TITLE: The ardent Catholic boy

Sister Helen the reverend sister who took our catechism class asked us where we thought we were going upon leaving this world.

Catechism is the summary of the doctrines of the Catholic Church. And the catechism class is where you learn the doctrines.

I do not think any of us learners could boldly say we were going to heaven as we had no saving faith in the saviour. I remember me saying I would go to purgatory. Purgatory according to the Catholic doctrine is a place of temporary punishment for those who are not too bad or too sinful. In Purgatory, they would be purged of their sins and then later released to go to heaven.

I was immersed in the Catholic Church’s doctrines and activities. I learned about trabsubstantiaton (the belief that the holy communion bread becomes the broken body of Jesus), assumption of Mary (according to the Catholics, Mary the mother of Jesus did not die but was taken to heaven alive), seven sacraments, purgatory, etc.

The Catholic Church believes in sacraments and every serious Catholic must experience or receive six.

These are the sacraments; baptism, penance (confession of sins to the priest), confirmation, holy communion, extreme unction (the sacrament administered to the sick especially the dying), holy order and matrimony.

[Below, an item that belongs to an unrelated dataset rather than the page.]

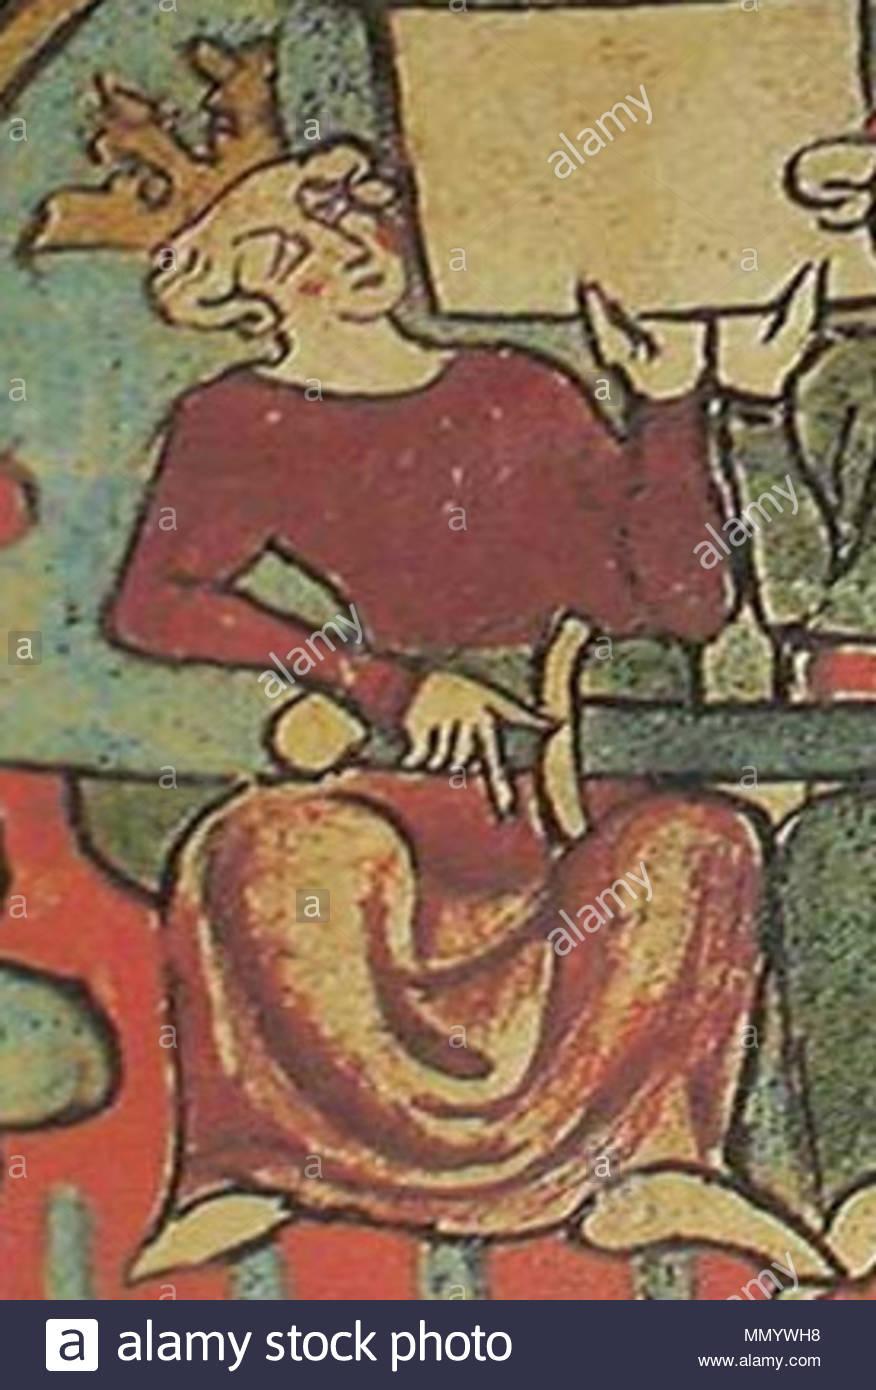 Inglés: representación de Haakon IV, rey de Noruega en Flateyjarbók. . Edad  media. CosechaSkule-Flateyjarbok HakonTheOldAnd desconocido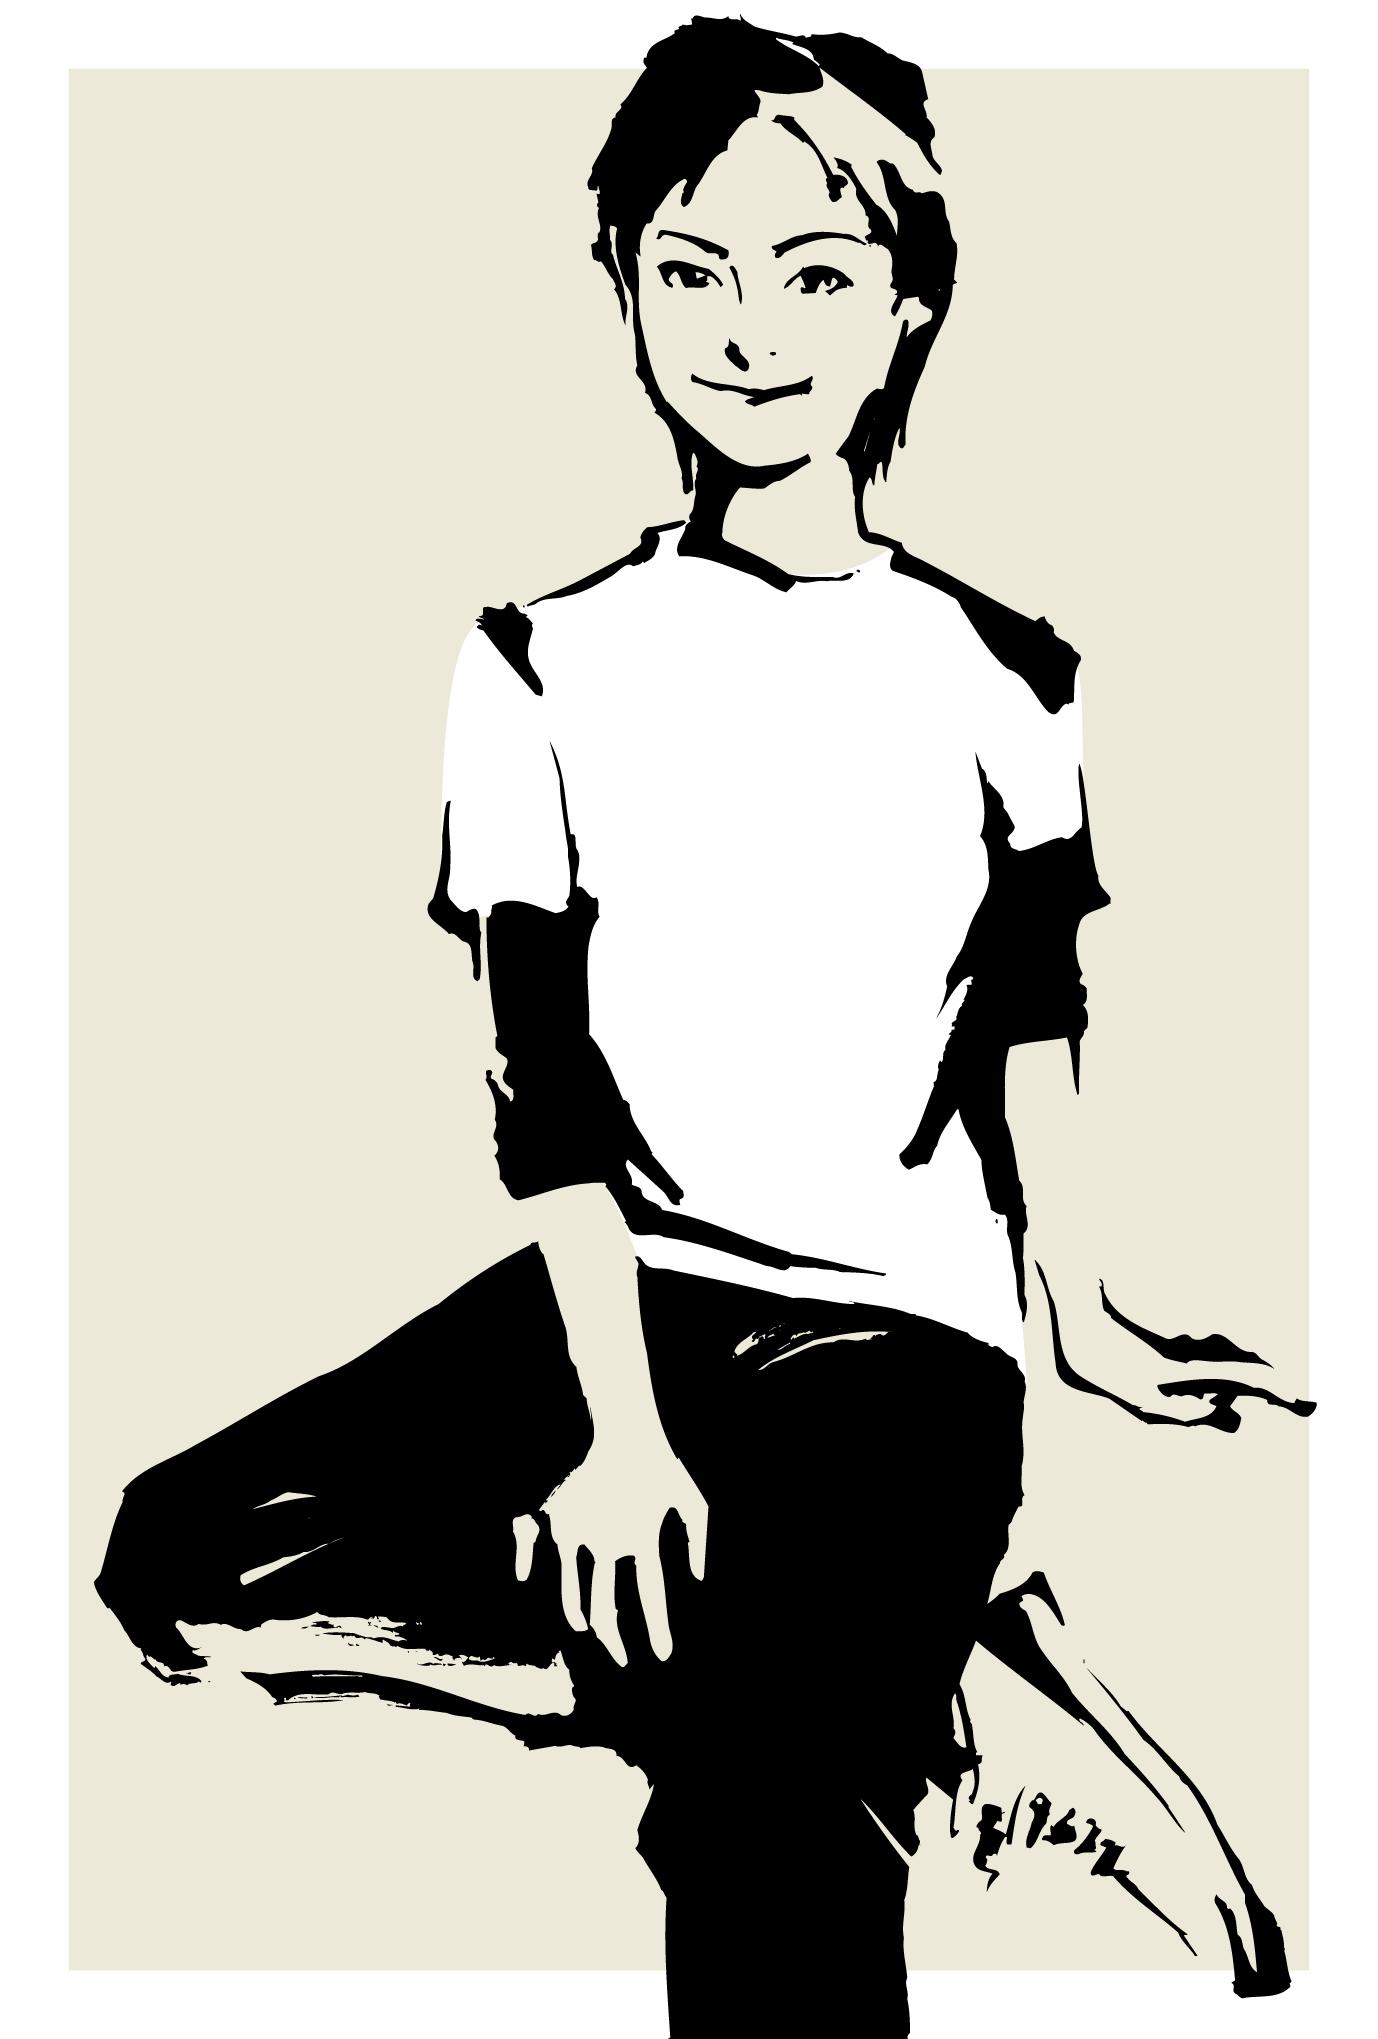 サマーカード32:短い髪の女の子のダウンロード画像

As of the time I left the Catholic Church in 1988/1989, I had already undergone four sacraments; baptism (which was actually sprinkling of water on you by a priest), penance, holy communion and confirmation. Extreme Unction was not necessary as I was not dying. Marriage was out of the question for I was too young for it. And Holy Order (the call to the priesthood) was not in view.

My baptismal name was Anthony. My confirmation name was Paul. I was not given the name “Paul” by my parents. It was a name I got in the Catholic Church. And I chose to retain it.

I did weekly confession to the priest and received the Holy Communion. I participated in the youth activities. I joined the choir, but my father asked me to drop out of it. I complied with his instruction.

I was briefly a member of the Legions of Mary before joining the Pages of the Blessed Sacrament.

I had my rosary with yellow beads and learned how to use it. I observed the angelus prayers typically made three times in a day. I participated in the corpus christi activities. I was present at the station of the cross programmes and all important programmes of my parish.

I liked my church and what it stood for. I aspired to be a reverend father. And when I mentioned it to my father, he ended my priesthood dreams with a loud and emphatic “shut up”.

Perhaps, one of my favourite activities in the Catholic Church was my involvement as a mass server or an altar boy. I functioned mostly as an acolyte or a candlestick bearer. I don’t remember if I did anything else as an altar boy. But being an altar boy ensured I worked closely with the priest. I continued with my altar boy “ministry ” until a seminarian (a priesthood trainee) who oversaw the Altar Boys Club got me angry. I then dropped out.